Research on Kalman interpolation prediction model based on micro-region PM2.5 concentration.
10.7507/1001-5515.201609050
- Author:
Wei WANG
1
;
Bin ZHENG
1
;
Binlin CHEN
1
;
Yaoming AN
1
;
Xiaoming JIANG
1
;
Zhangyong LI
2
Author Information
1. Research Center of Biomedical Engineering, Chongqing University of Posts and Telecommunications, Chongqing 400065, P.R.China.
2. Research Center of Biomedical Engineering, Chongqing University of Posts and Telecommunications, Chongqing 400065, P.R.China.lizy@cqupt.edu.cn.
- Publication Type:Journal Article
- Keywords:
Kalman prediction;
PM2.5 concentration;
cubic spline interpolation;
micro region
- From:
Journal of Biomedical Engineering
2018;35(1):64-69
- CountryChina
- Language:Chinese
-
Abstract:
In recent years, the pollution problem of particulate matter, especially PM2.5, is becoming more and more serious, which has attracted many people's attention from all over the world. In this paper, a Kalman prediction model combined with cubic spline interpolation is proposed, which is applied to predict the concentration of PM2.5 in the micro-regional environment of campus, and to realize interpolation simulation diagram of concentration of PM2.5 and simulate the spatial distribution of PM2.5. The experiment data are based on the environmental information monitoring system which has been set up by our laboratory.
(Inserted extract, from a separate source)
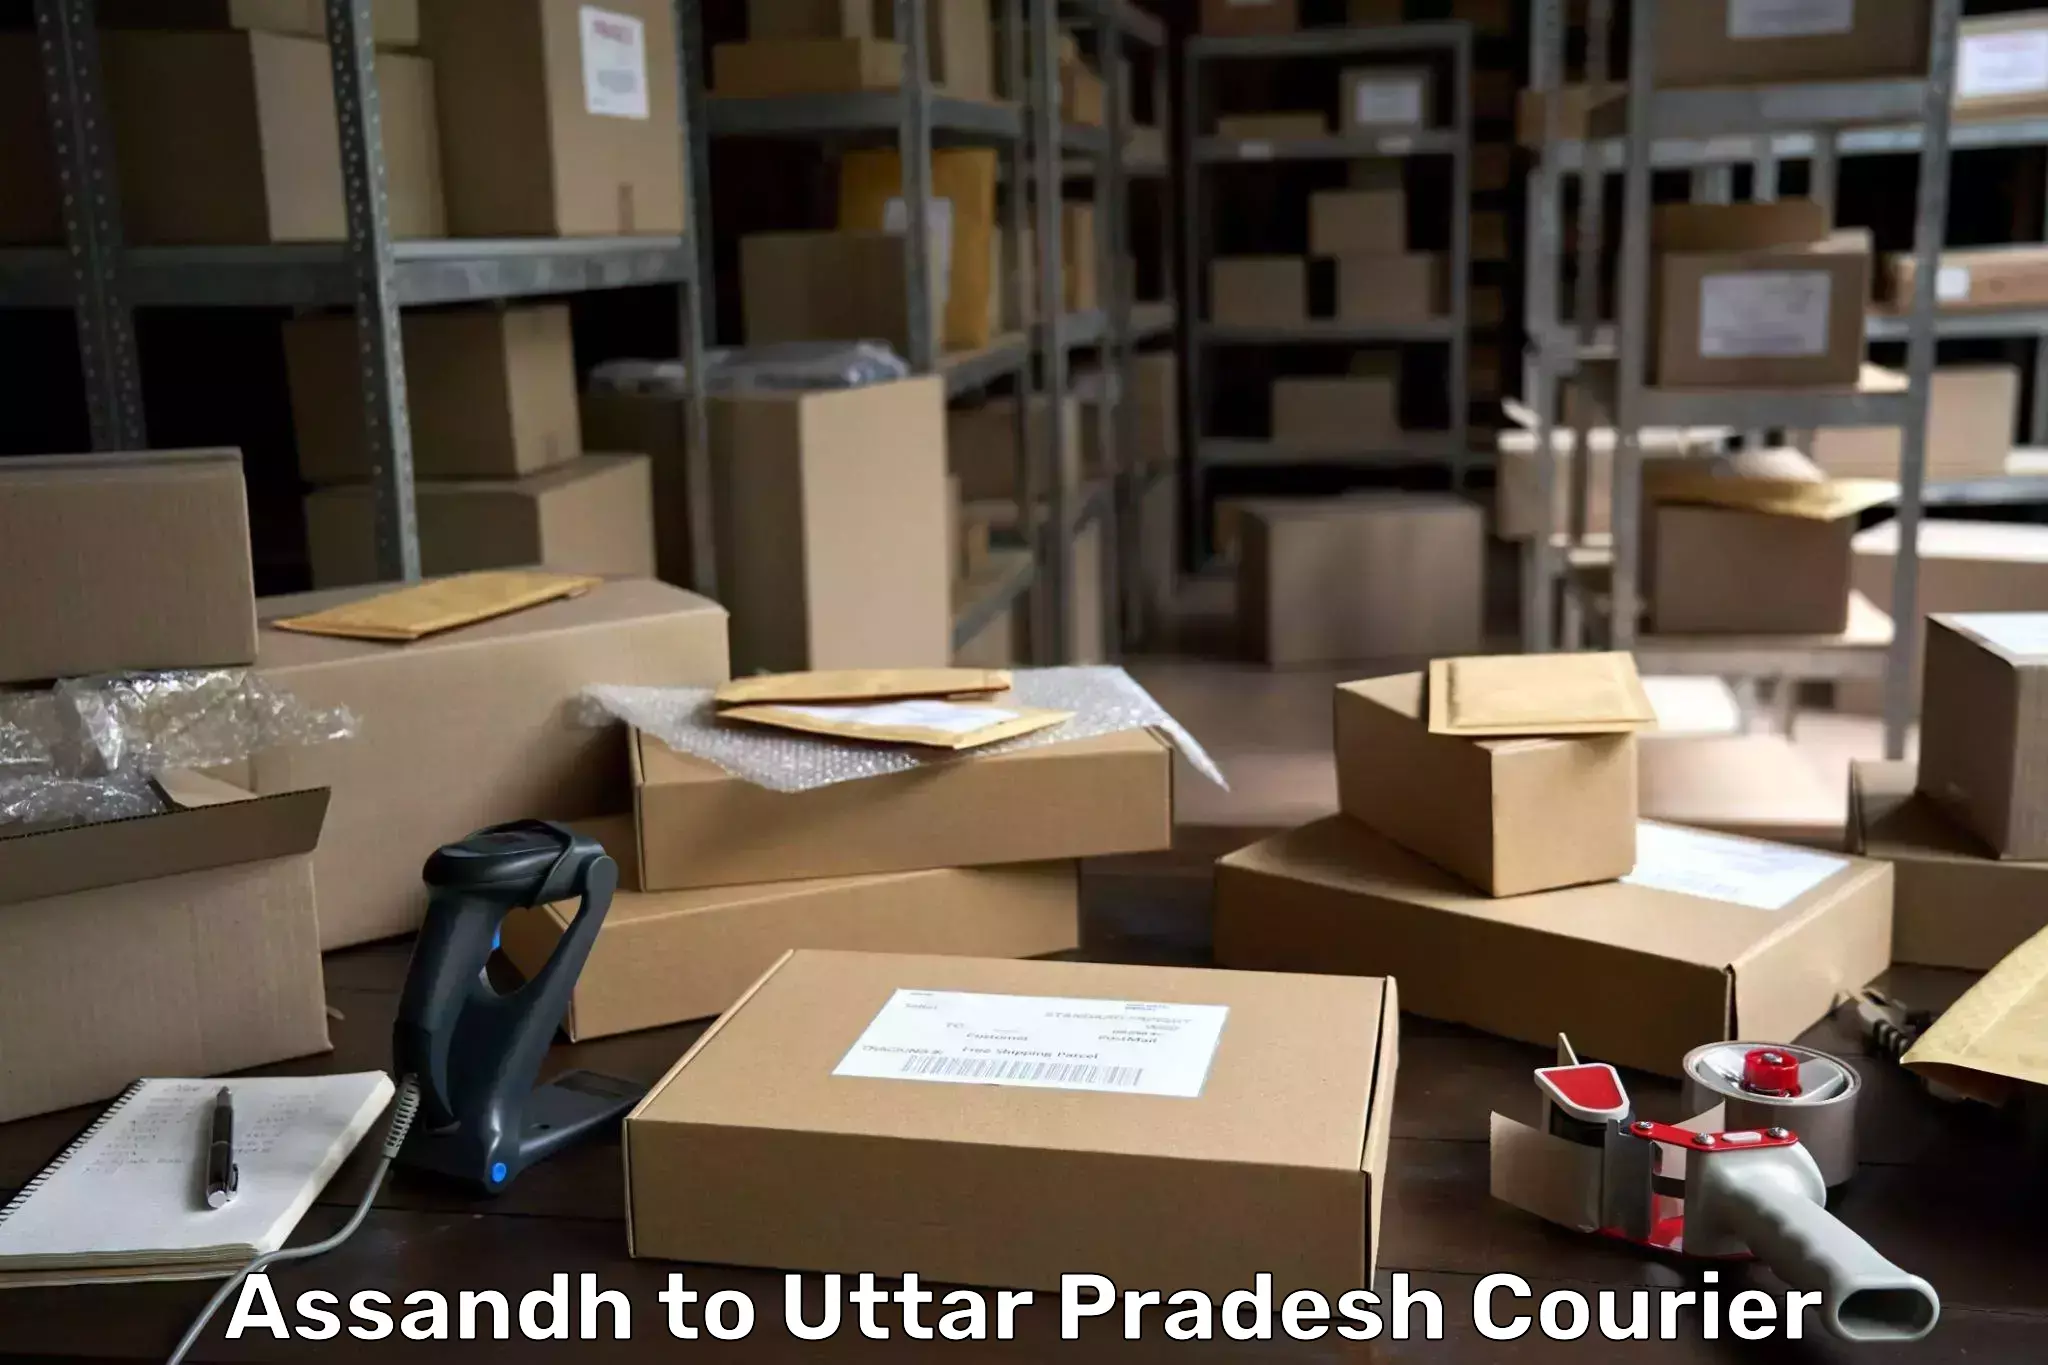 Courier service comparison Assandh to Varanasi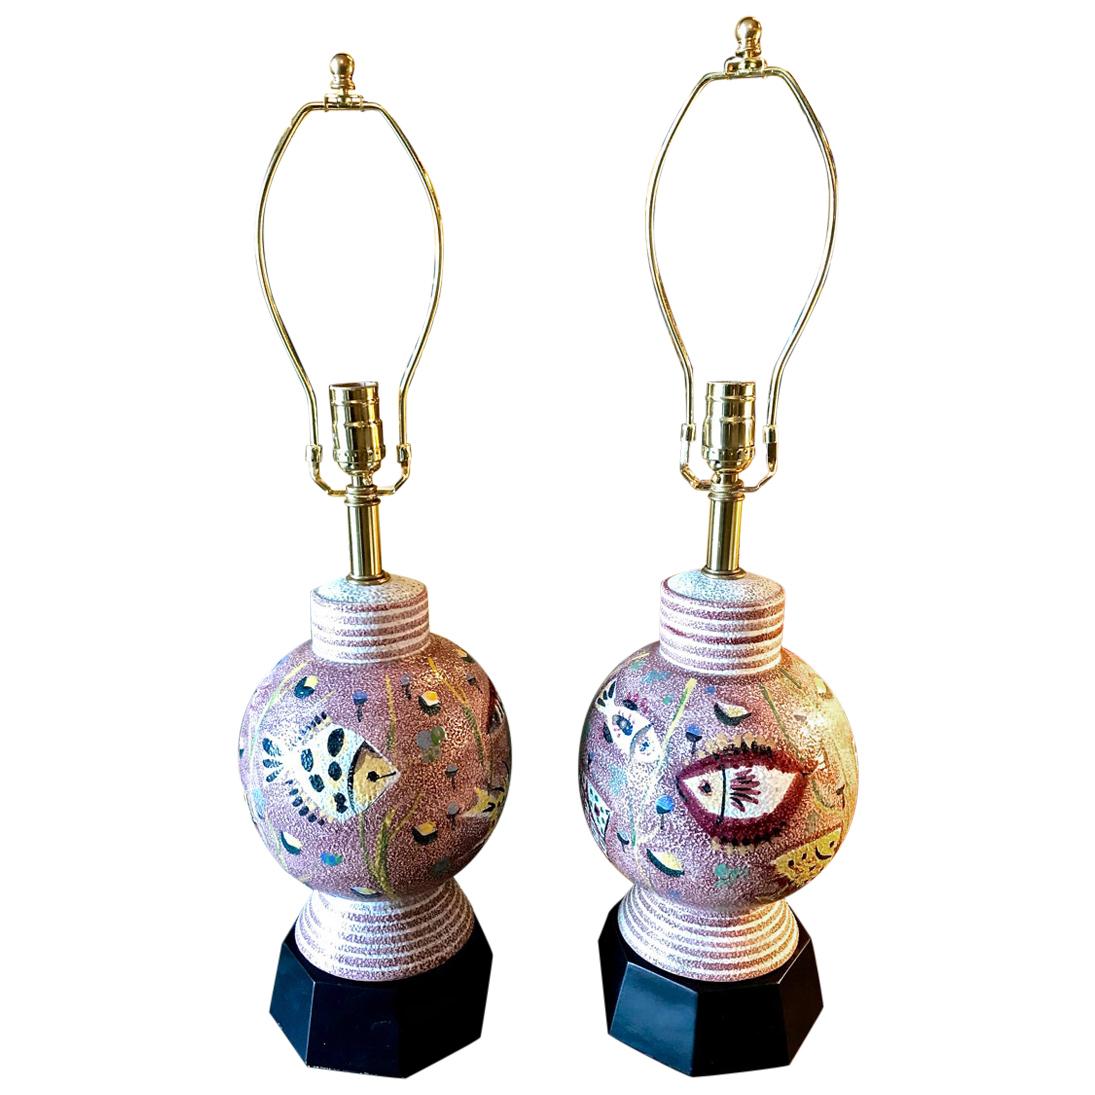 Pair of Italian Midcentury "Fish" Lamps, Attributed to Fantoni

And the predicted and actual values of PM2.5 concentration data have been checked by the way of Wilcoxon signed-rank test. We find that the value of bilateral progressive significance probability was 0.527, which is much greater than the significant level = 0.05. The mean absolute error (MEA) of Kalman prediction model was 1.8 μg/m , the average relative error (MER) was 6%, and the correlation coefficient was 0.87. Thus, the Kalman prediction model has a better effect on the prediction of concentration of PM2.5 than those of the back propagation (BP) prediction and support vector machine (SVM) prediction. In addition, with the combination of Kalman prediction model and the spline interpolation method, the spatial distribution and local pollution characteristics of PM2.5 can be simulated.